Evaluating stability, elastic and thermodynamic properties of AlTiNiCuCox (x = 0.5,0.75,1,1.25,1.5) high entropy alloys

Alloying effect of Cobalt on structural stability, elastic and thermodynamic properties of AlTiNiCuCox (x = 0.5,0.75,1,1.25,1.5) high entropy alloys are investigated via performing ab-initio calculations combined with quasi-harmonic Debye-Grüneisen model. The equilibrium lattice constants and density are evaluated by ab-initio calculations, third-order Birch-Murnaghan equation of state and Vegard's law. The results of cohesive energy and obtained elastic constants screen out the mechanical stable AlTiNiCuCox alloys and also indicate that AlTiNiCuCo1.0 of BCC structure exhibits ductility unlike most HEAs.

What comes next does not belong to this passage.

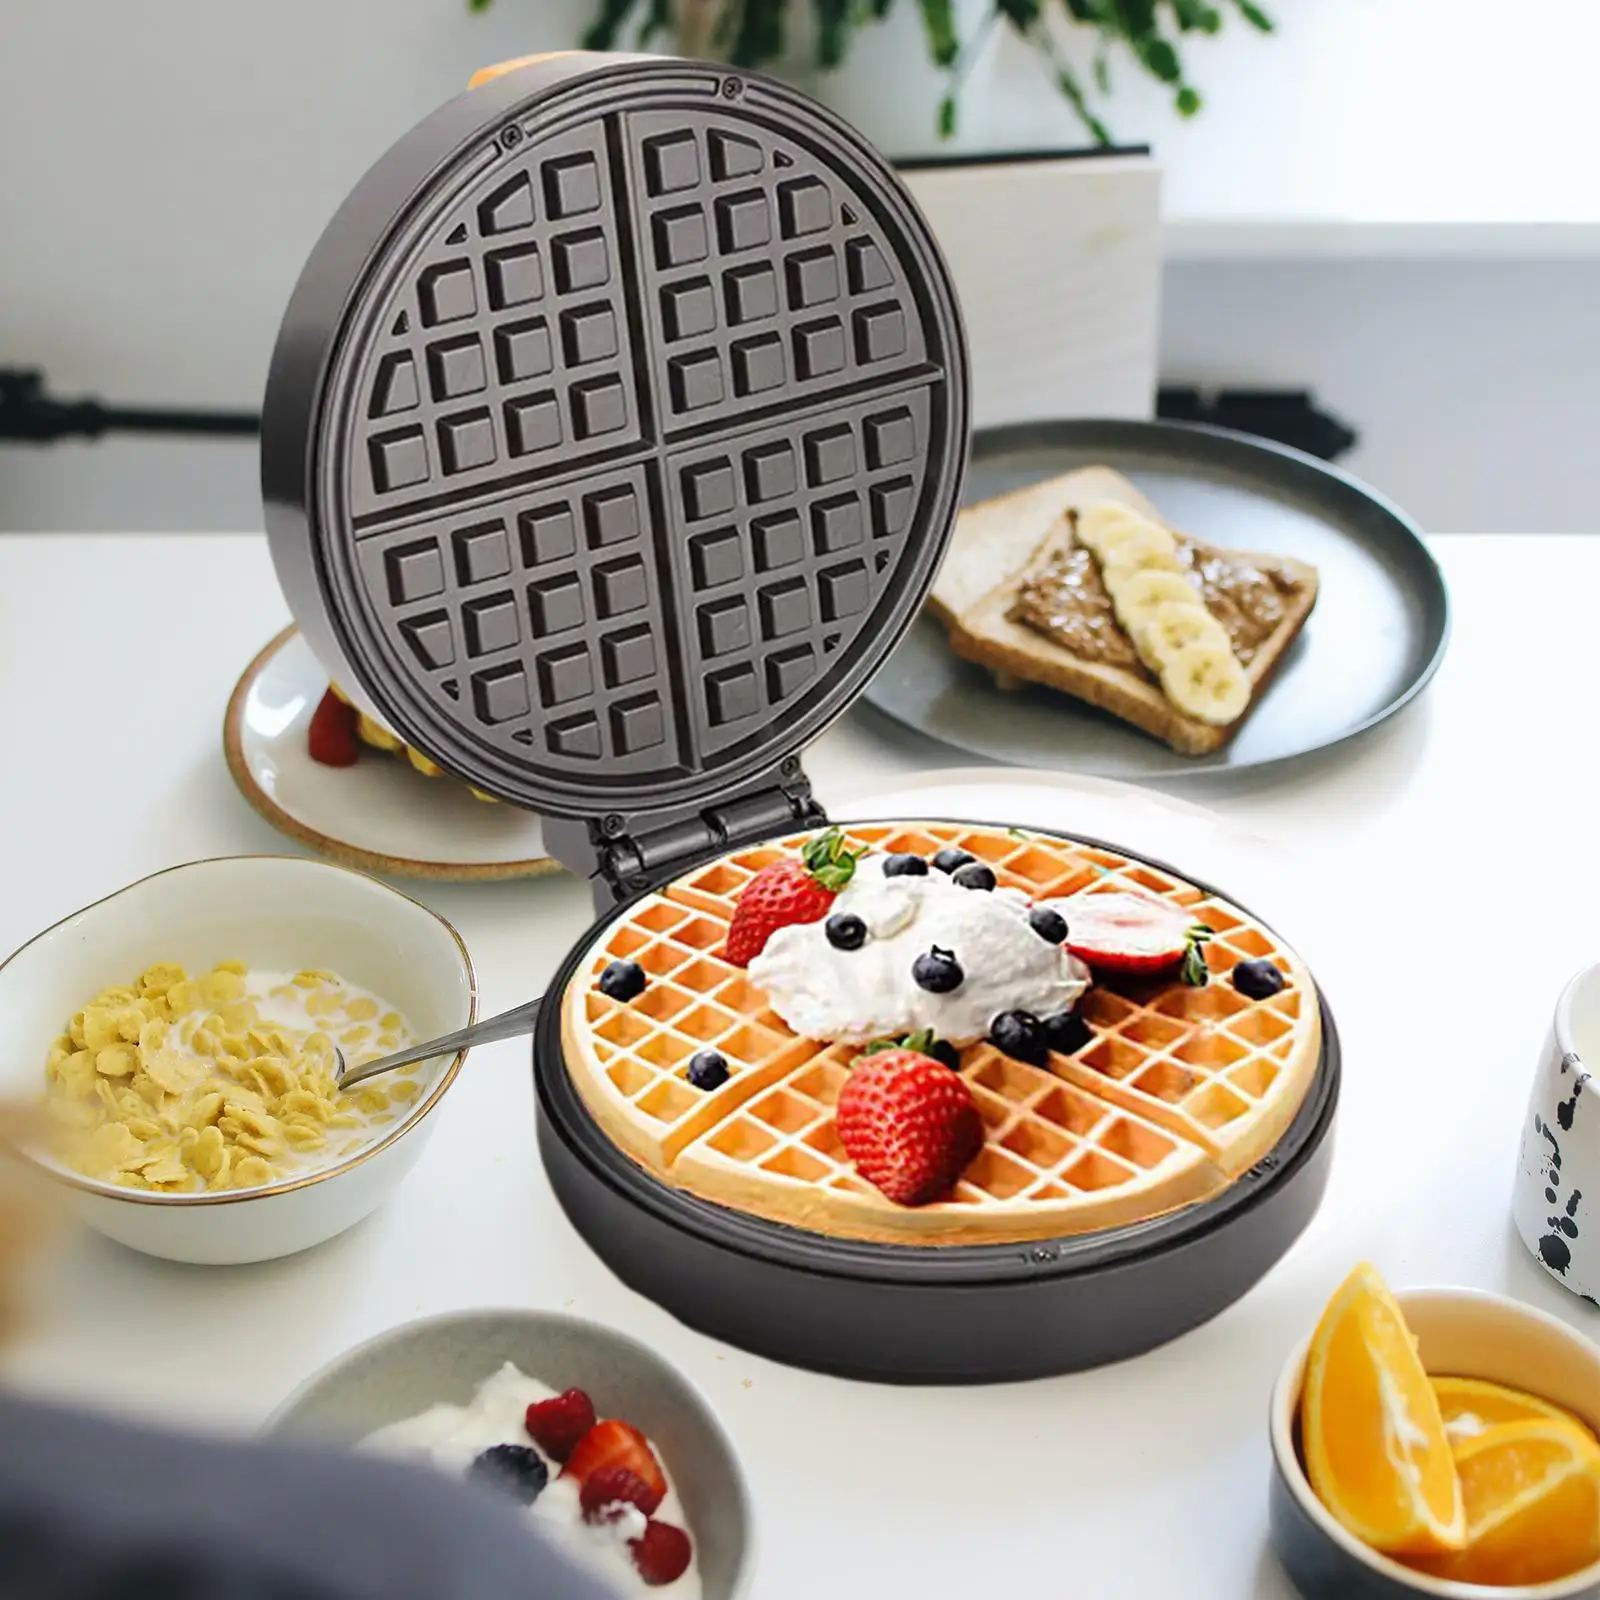 Cooking Plates Multifunctional Anti Scald Handle LED Display US Adapter Portable Waffle Maker for cinnamons Roll Cupcake Oatmeal

Besides, all the mechanical stable alloys show elastic anisotropy. The AlTiNiCuCo1.0 of BCC exhibits the maximum anisotropy among all the AlTiNiCuCox alloys. Then various of thermodynamic properties including vibrational entropy Svib, volumetric thermal expansion coefficient α, constant volume heat capacity Cv and Debye temperature ΘD are calculated by using quasi-harmonic Debye-Grüneisen model. The FCC AlTiNiCuCo0.5 alloy exhibits outstanding thermodynamic properties compared with other HEAs of AlTiNiCuCox system. Finally, electronic structures are studied by density of states, partial density of states and Fermi energy.